Il vertice di Donald Trump
Il summit della NATO in Turchia, ospitato dal presidente Recep Tayyip Erdoğan nella capitale Ankara, prosegue con i tavoli di lavoro dedicati alla sicurezza internazionale e al conflitto tra Russia e Ucraina. Il cancelliere tedesco Friedrich Merz ha annunciato un piano europeo congiunto da 70 miliardi di euro all’anno per il biennio 2026-2027 a sostegno di Kiev e, a margine dell’evento, la presidente del Consiglio italiana Giorgia Meloni ha incontrato il presidente ucraino Volodymyr Zelensky per confermare l’assistenza italiana, in particolare per la ricostruzione delle infrastrutture energetiche colpite. Il segretario generale della NATO, Mark Rutte, ha intanto anticipato che la dichiarazione finale del vertice definirà la Russia come una minaccia a lungo termine per l’intera Alleanza Atlantica.
L’attacco all’Iran
Le sessioni ufficiali sono state accompagnate dalle dichiarazioni alla stampa del presidente statunitense Donald Trump, che ha affrontato i temi caldi della difesa globale, i rapporti commerciali e la gestione delle basi militari nei Paesi membri, collegando i lavori del vertice con l’escalation in corso in Medio Oriente. Anche perché proprio nella notte appena passata le forze militari degli Stati Uniti hanno avviato massicci bombardamenti sul territorio dell’Iran all’interno dell’operazione denominata “Epic Fury”. Nel corso di un incontro con la stampa a fianco di Mark Rutte, Trump ha commentato lo sviluppo militare definendo il governo di Teheran “malato e bugiardo” e ha dichiarato formalmente concluso il cessate il fuoco. Il tycoon ha espresso insoddisfazione per il livello di supporto ricevuto dagli alleati europei nell’ambito di questa offensiva, come ampiamente dimostrato negli ultimi mesi con le dichiarazioni al vetriolo, soprattutto contro il presidente del Consiglio Giorgia Meloni.

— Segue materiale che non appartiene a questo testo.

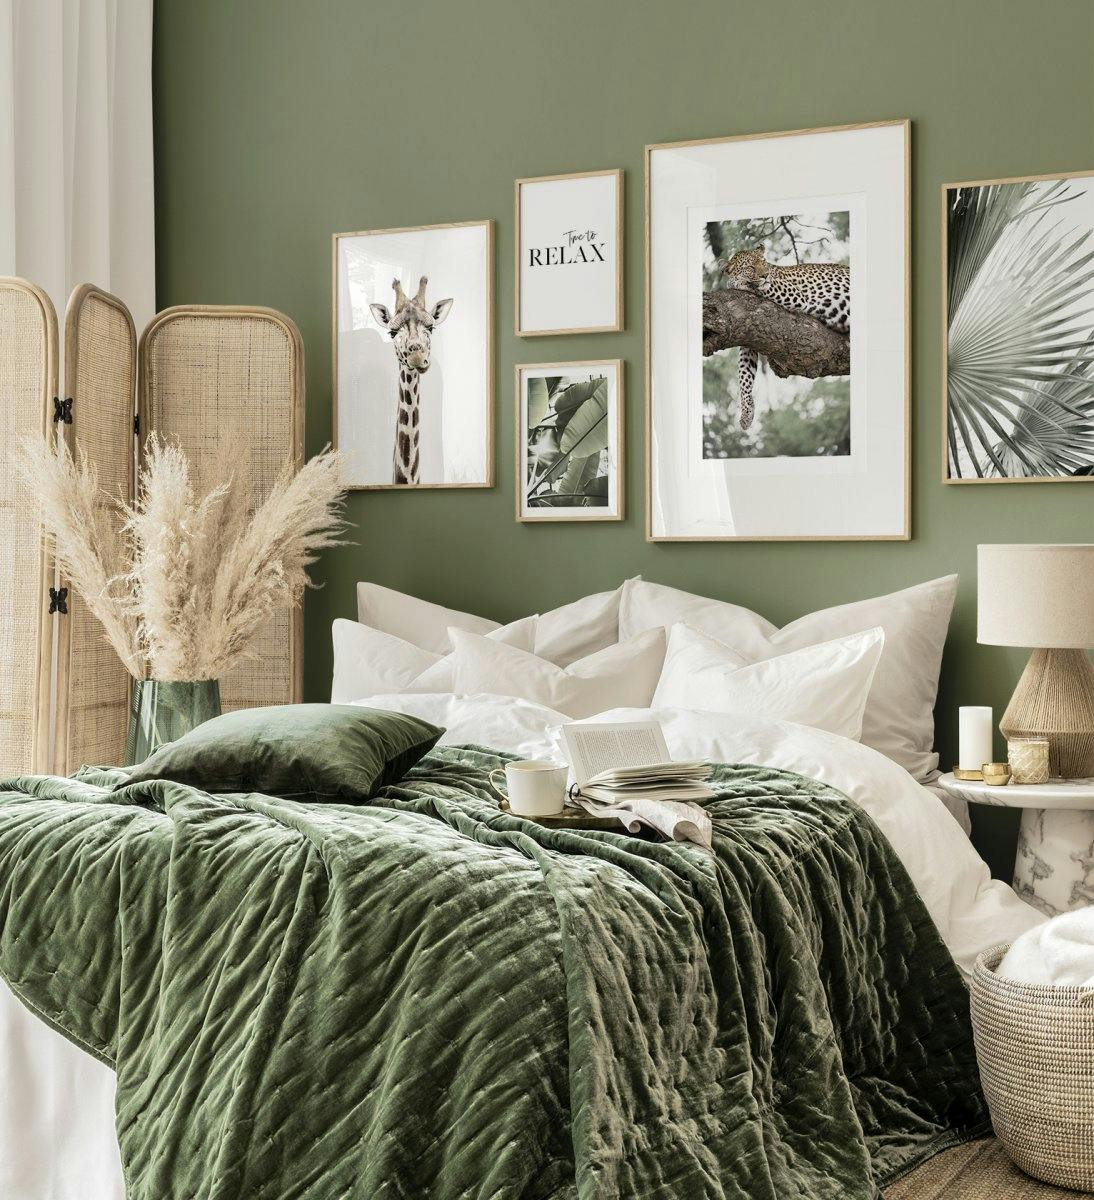 リビングルーム用のオーク材のフレームを備えた緑の風景と自然のギャラリーの壁

Critiche alla Meloni, ma anche un attestato di stima
In questo contesto, Trump ha espresso forti critiche verso l’Italia per la gestione e la concessione delle installazioni militari della penisola, rincarando la dose ad Ankara: “L’Italia è stata pessima con le sue basi”, in riferimento al mancato utilizzo delle strutture sul suolo italiano a Sigonella un paio di mesi fa. Sul piano dei rapporti politici con l’esecutivo di Roma, Trump ha comunque aggiunto una valutazione positiva sulla presidente del Consiglio, affermando che “la premier italiana mi piace”.
Gelo totale con la Spagna
L’attacco più duro però è stato indirizzato verso la Spagna. Trump ha accusato il governo di Madrid di essere un pessimo alleato sul piano militare e ha annunciato di aver dato ordine al segretario del Tesoro statunitense, Scott Bessent, di interrompere i rapporti commerciali con gli spagnoli. La replica del presidente Pedro Sánchez è arrivata con una nota ufficiale in cui le affermazioni del leader della Casa Bianca vengono definite “la normalità” e in cui si ribadisce l’intenzione spagnola di mantenere eccellenti relazioni economiche e culturali con Washington.
Groenlandia: I want you!
Il presidente statunitense si è poi soffermato sul suo vecchio, ma manco troppo, pallino: la Groenlandia. Trump la brama per la sua posizione strategica e perché ricca di materiali utili alla transizione tecnologica e ha definito la questione “un grosso problema per gli USA”. Ha inoltre contestato la decisione storica di restituire l’isola alla Danimarca dopo la fine della Seconda Guerra Mondiale.

Cina, il tycoon stupisce
Una posizione differente è stata invece espressa nei confronti di Pechino. Trump ha lodato pubblicamente la Cina e si è definito un “grande fan del presidente Xi Jinping”. Il motivo del plauso risiede nella neutralità mostrata dal governo cinese nell’ambito della crisi in Medio Oriente. Gli Stati Uniti hanno sottolineato positivamente il fatto che Pechino non sia entrata nel conflitto e non abbia inviato equipaggiamenti militari o armamenti a Teheran, pur importando circa il 50% del proprio fabbisogno petrolifero direttamente attraverso le rotte dello Stretto di Hormuz.